### [Data supplied]
....

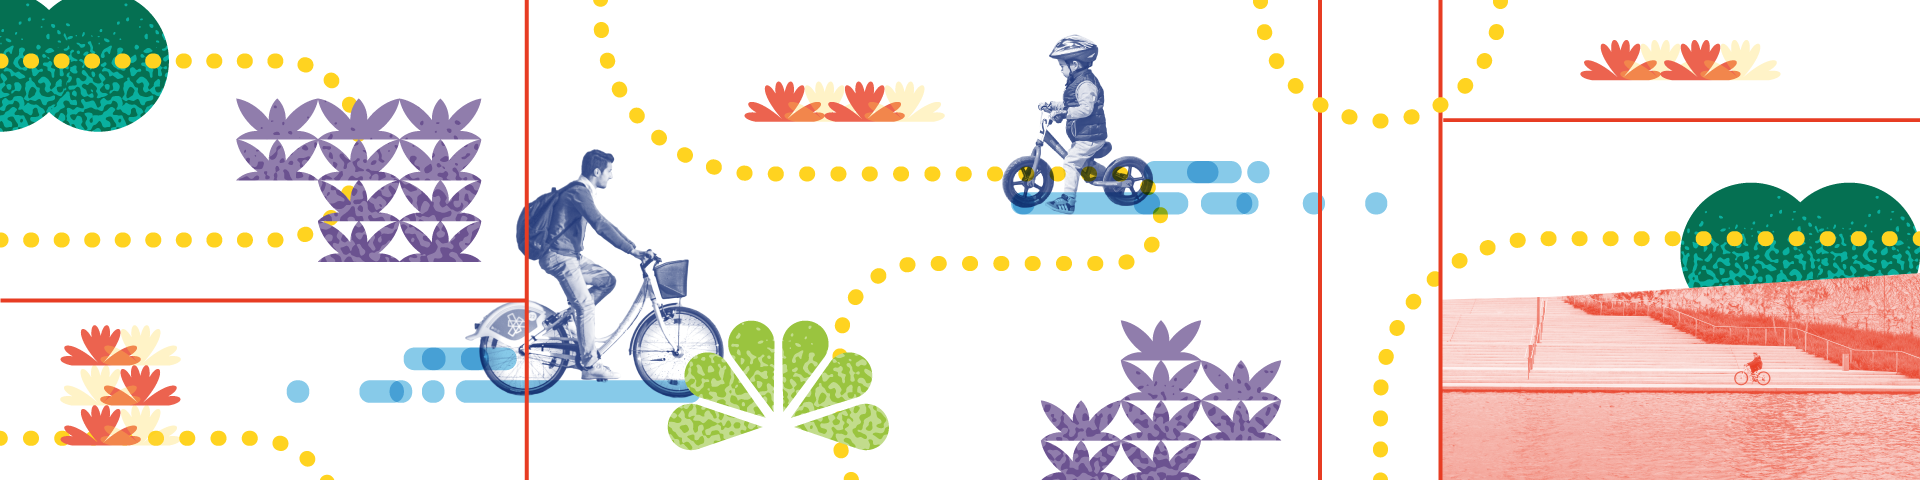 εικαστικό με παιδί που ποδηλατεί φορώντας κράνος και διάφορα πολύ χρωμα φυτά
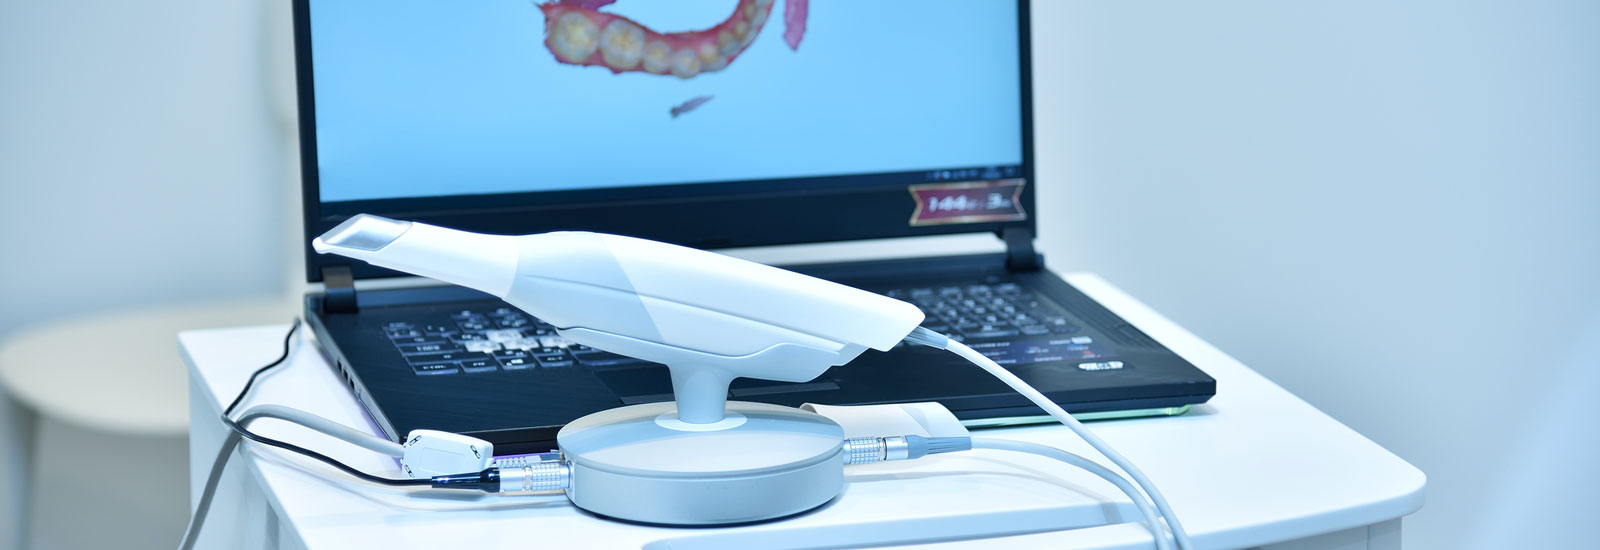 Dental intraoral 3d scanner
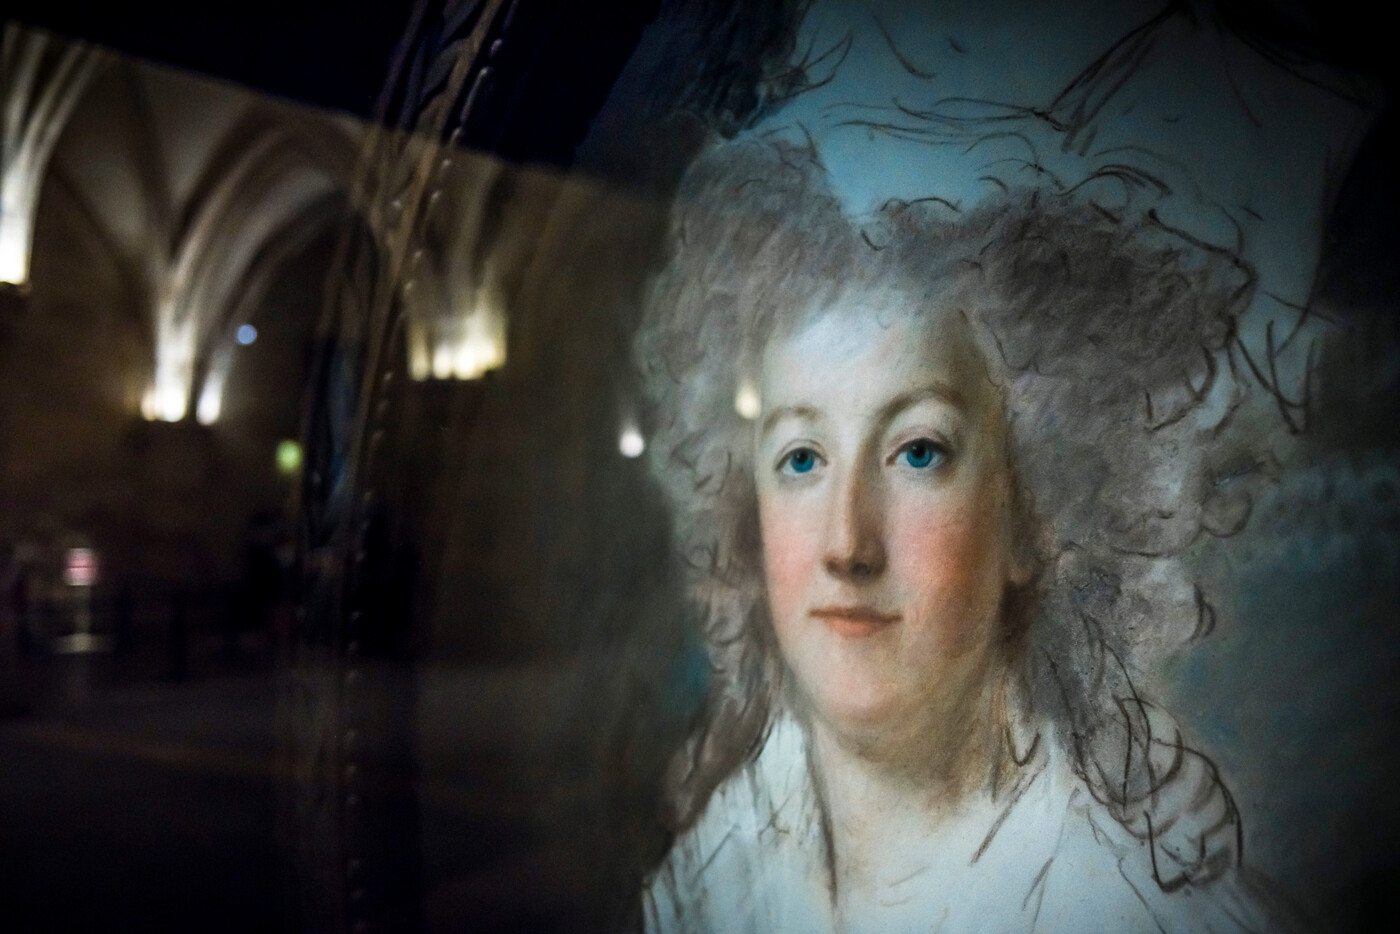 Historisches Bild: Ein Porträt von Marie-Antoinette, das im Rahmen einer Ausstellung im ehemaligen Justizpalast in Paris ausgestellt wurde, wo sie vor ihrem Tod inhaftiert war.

....

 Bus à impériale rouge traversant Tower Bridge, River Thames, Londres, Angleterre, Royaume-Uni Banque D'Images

....

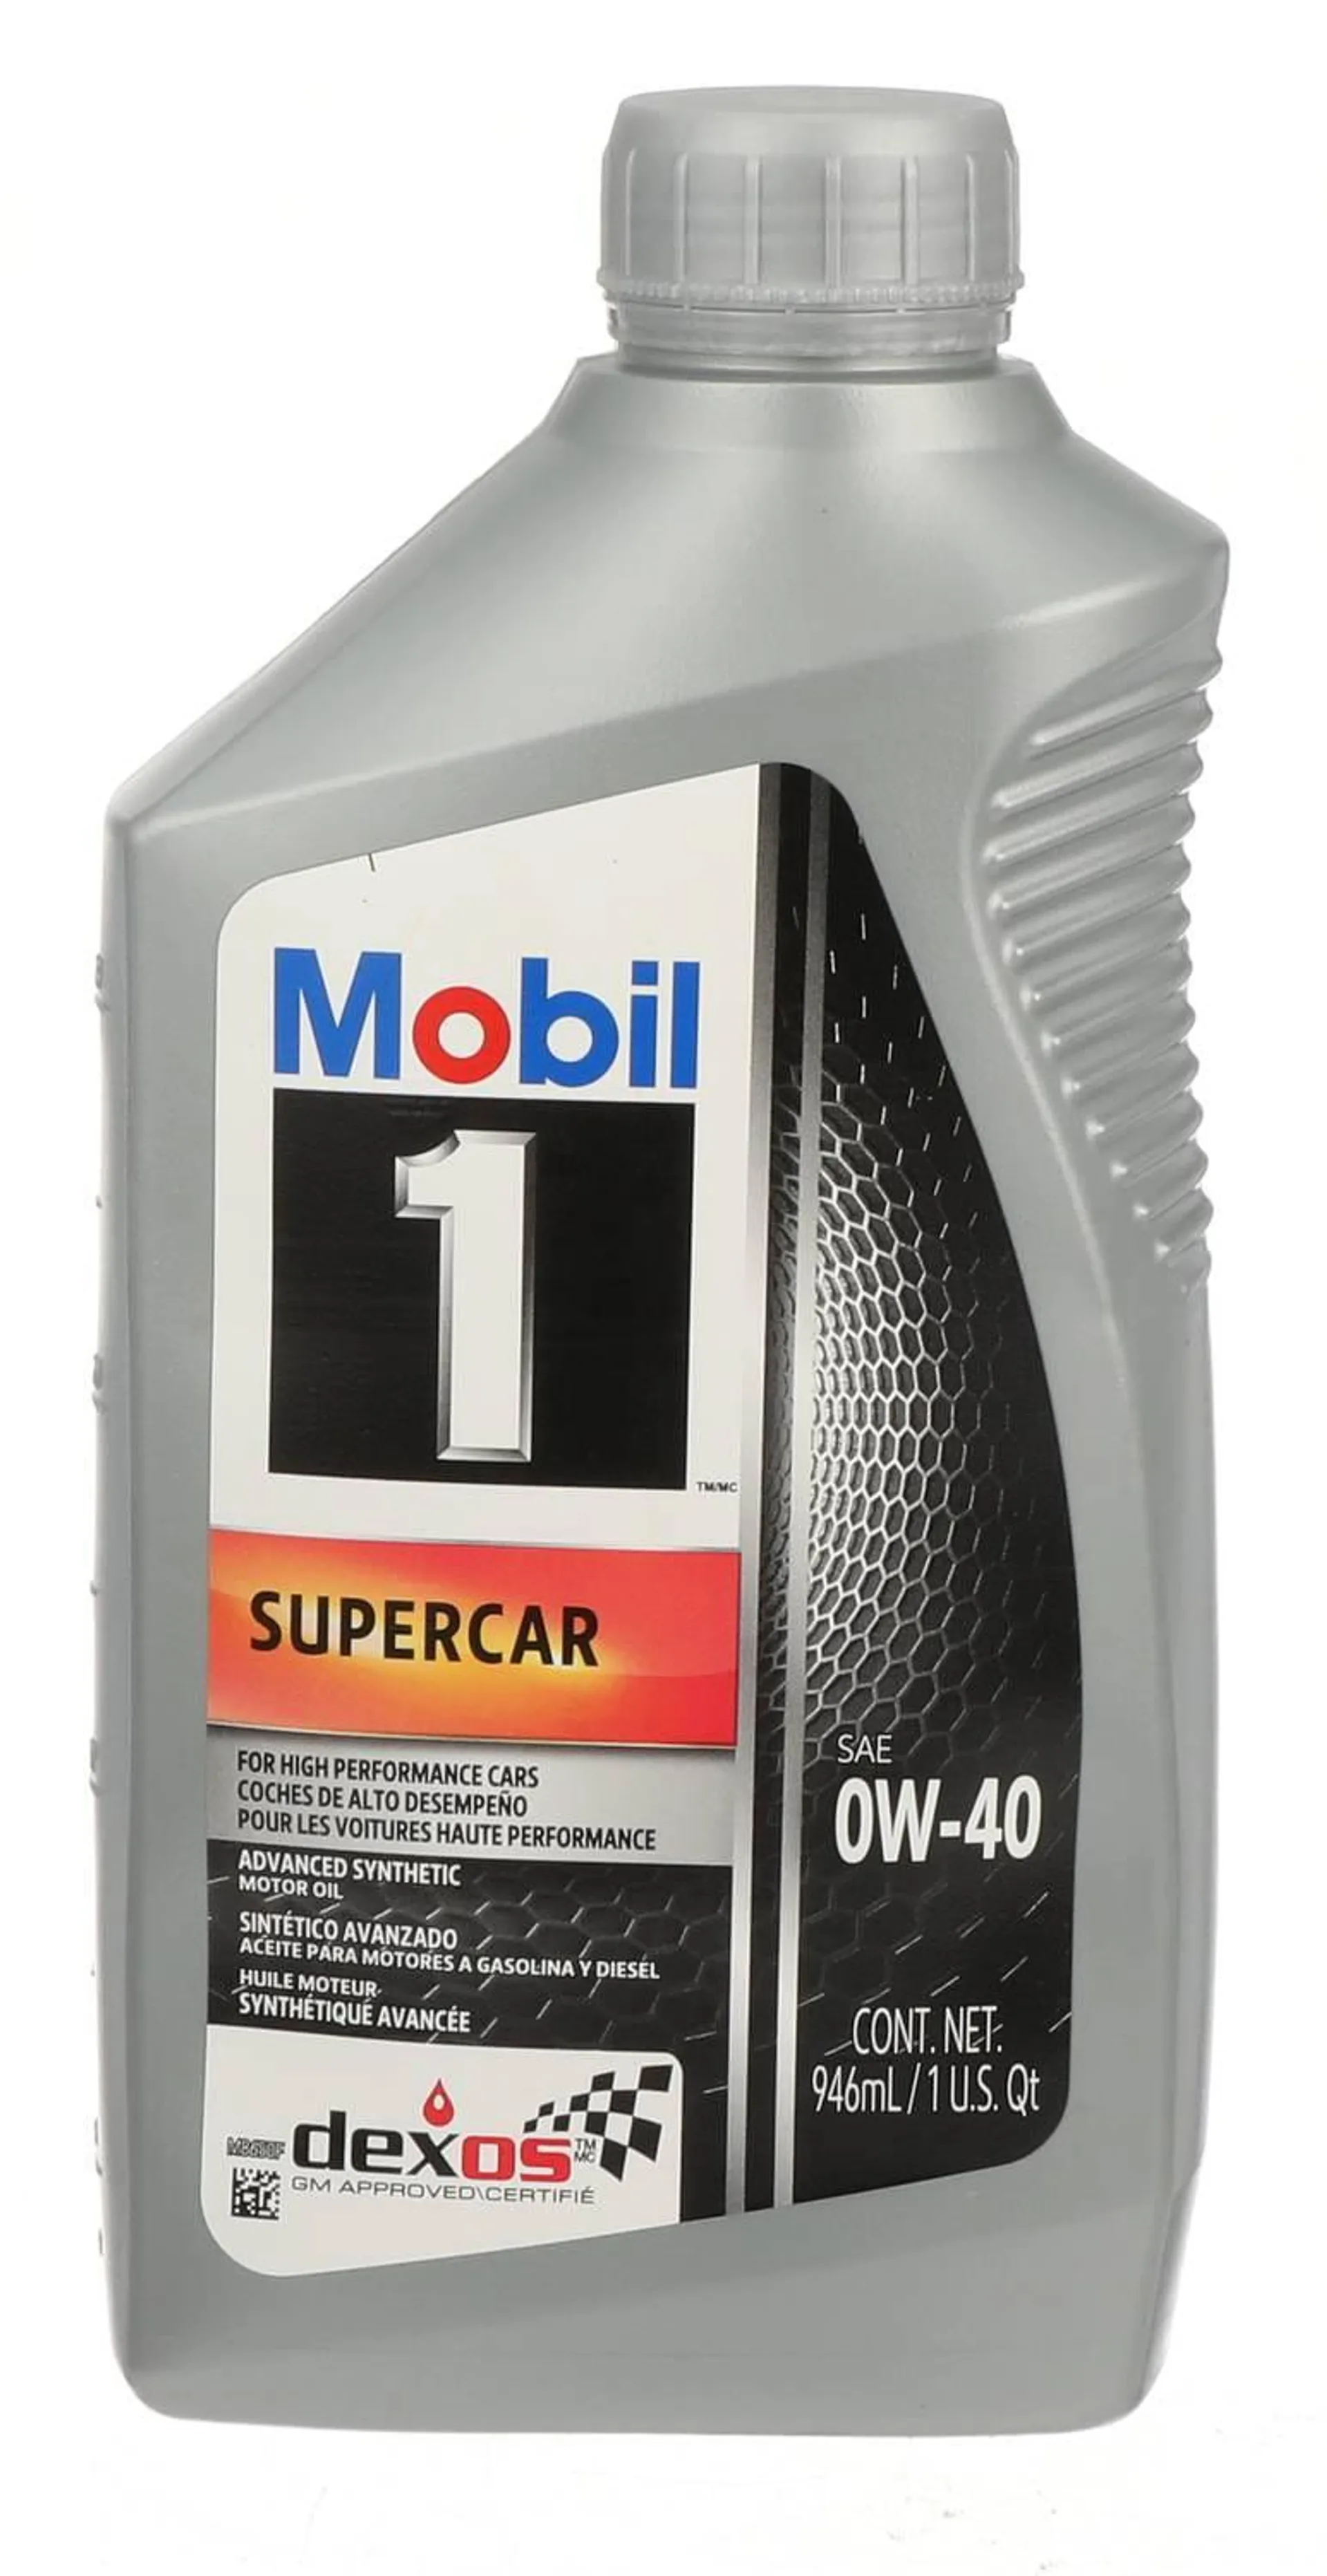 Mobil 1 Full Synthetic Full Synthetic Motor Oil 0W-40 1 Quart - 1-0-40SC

....

### [Prompt]
Skipping every picture, transcribe exactly the lines above from the one containing "εικαστικό με παιδί" through the one containing "Historisches Bild: Ein", both included.

### [Answer box]
 εικαστικό με παιδί που ποδηλατεί φορώντας κράνος και διάφορα πολύ χρωμα φυτά
 Dental intraoral 3d scanner
 Historisches Bild: Ein Porträt von Marie-Antoinette, das im Rahmen einer Ausstellung im ehemaligen Justizpalast in Paris ausgestellt wurde, wo sie vor ihrem Tod inhaftiert war.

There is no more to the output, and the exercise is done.